If you keep your “engine” in the optimum power zone by selecting the appropriate gears when needed, you can maintain this dance up the climb for a very long time without even breathing hard. Which reminds me, the 3rd key to success is reading the grade or terrain and anticipating the gears in advance, especially at the start of a climb. Don't wait until you've bogged down to stand or you may never regain the rhythm. For training purposes, even if you know you can't make the whole climb standing, begin standing from the start (in the correct gear) and go as long as you possibly can to make good use of that momentum and rhythm. If you have to sit at some point, it will give you a goal to pass the next time you’re there. While out of the saddle on a long climb, make sure you downshift as needed, maintaining the proper cadence. You may even need to "up-shift" for more resistance if the grade lessens or becomes easier at some point in order to avoid spinning. It's all about dancing with optimum rhythm and resistance.

The 4th key is breathe slow.
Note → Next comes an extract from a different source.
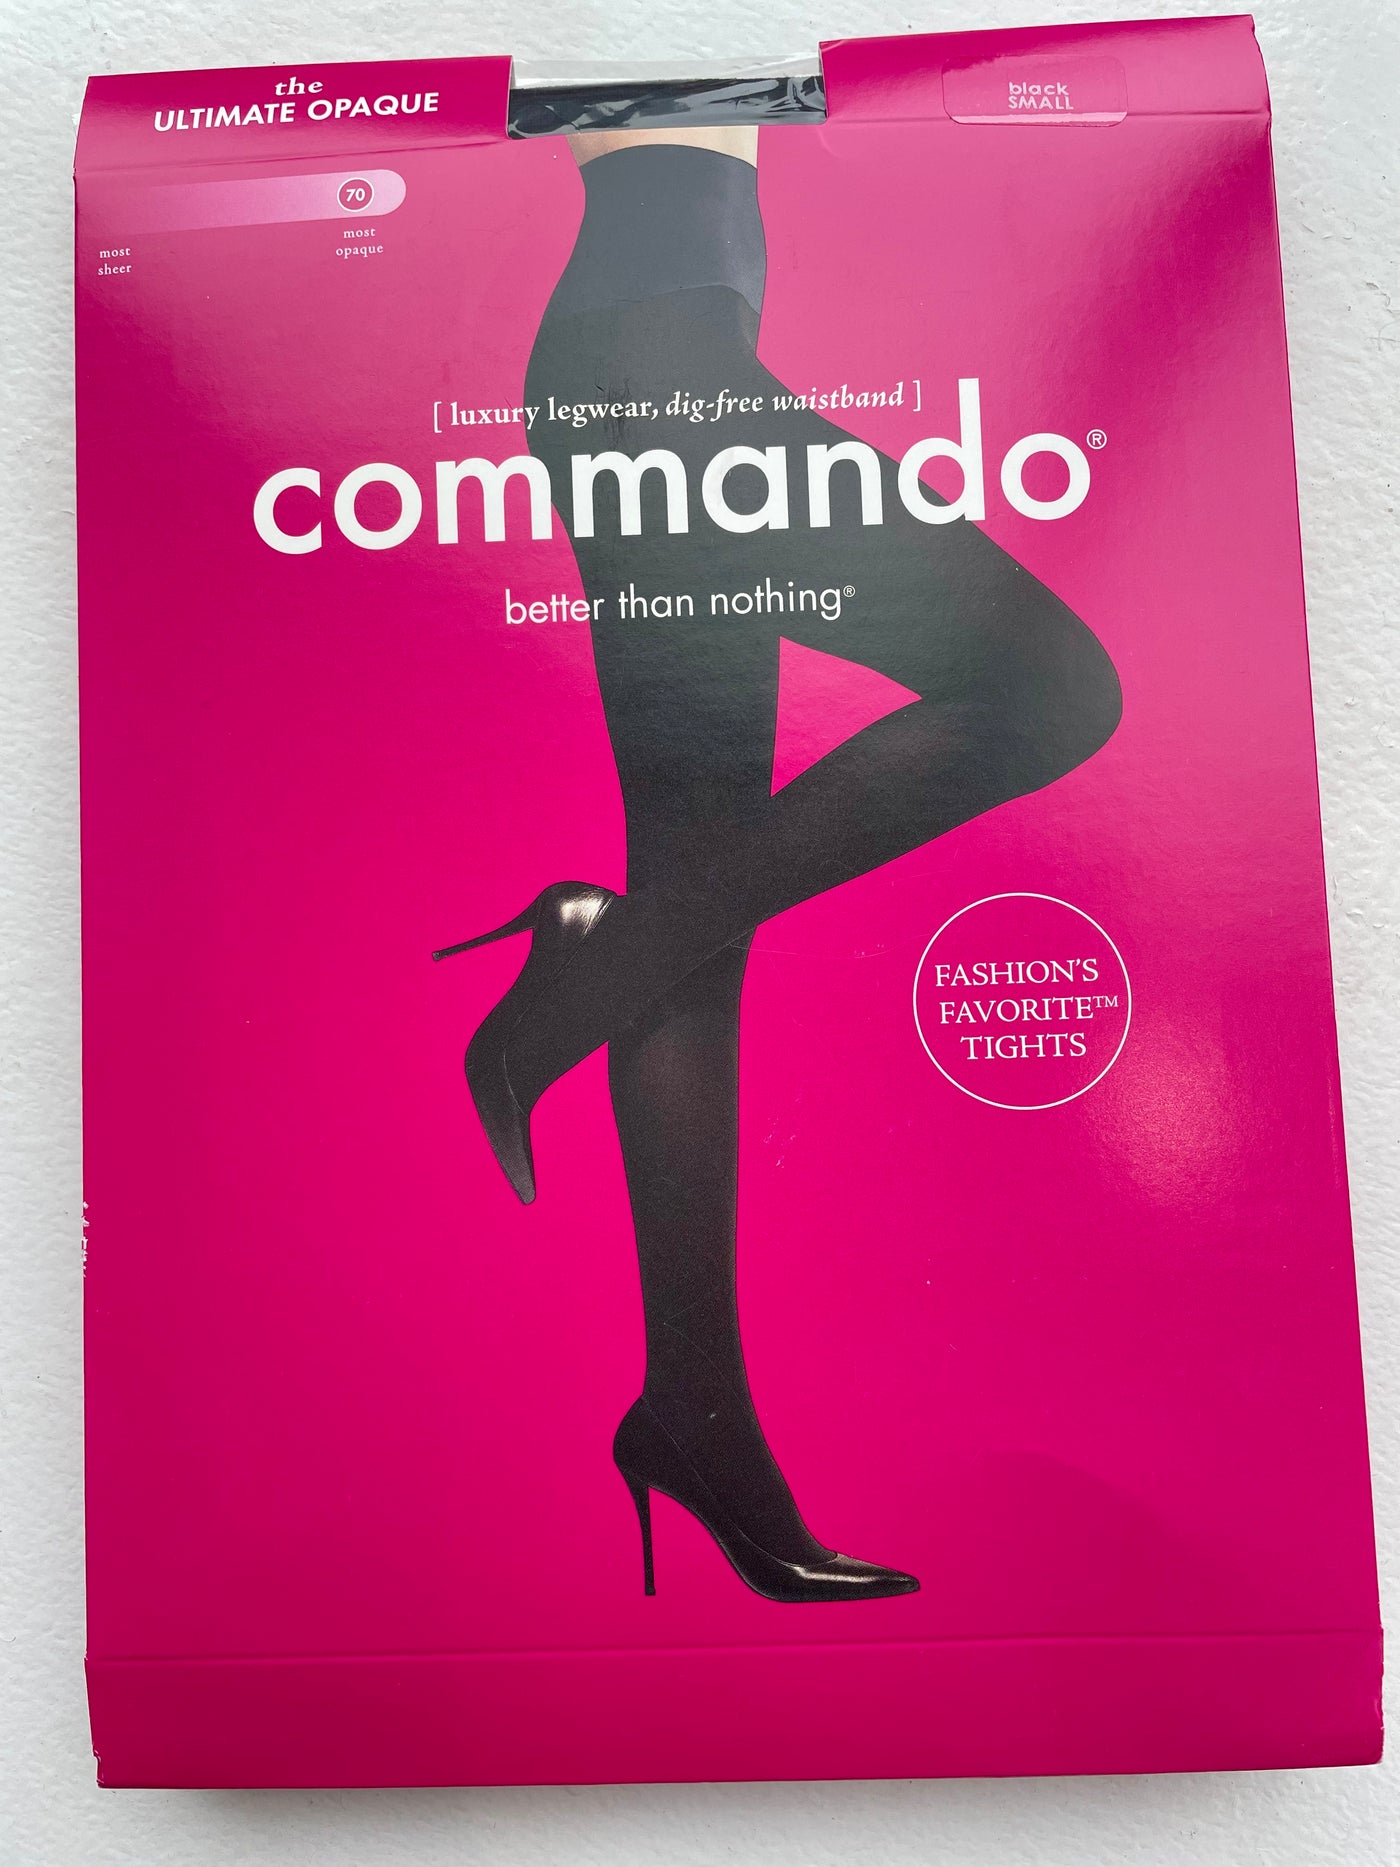 Commando brand opaque black tights that feel luxurious, comfortable, and with a supportive waistband. A woman run brand from New England.

During training, discipline yourself to take a long, smooth inhale and naturally exhale. Your legs may be doing 90, but breathe like your cadence is 60. During this development period, your climbing speed may actually be slower than normal, but resist reverting back to “mash climbing.” Once you’ve properly strengthened those legs with the new stroke, you’ll find yourself sprinting up those hills in no time.

I’ve emphasized standing through an entire hill or climb for the purpose of developing those muscles used in the lifting stroke. So for training, I would stand and lift on every possible rise, as long as you can. Once you’ve developed this style of climbing, use it strategically to your advantage in a race or on club rides. I personally like to take the first third of a long ascent sitting while incorporating the pull and lift stroke that we used to train on the flats. (Twice the effort on pull vs. push) For the remainder of that climb, I prefer to be out of the saddle, dancing away.

One final note, once you’ve fully developed the pull and lift part of your stroke, you should find it easier to obtain a truly equal push / pull stroke on the flats and riding longer with the same effort.
Well, that's certainly enough for now. I hope this gave you some food (or training) for thought.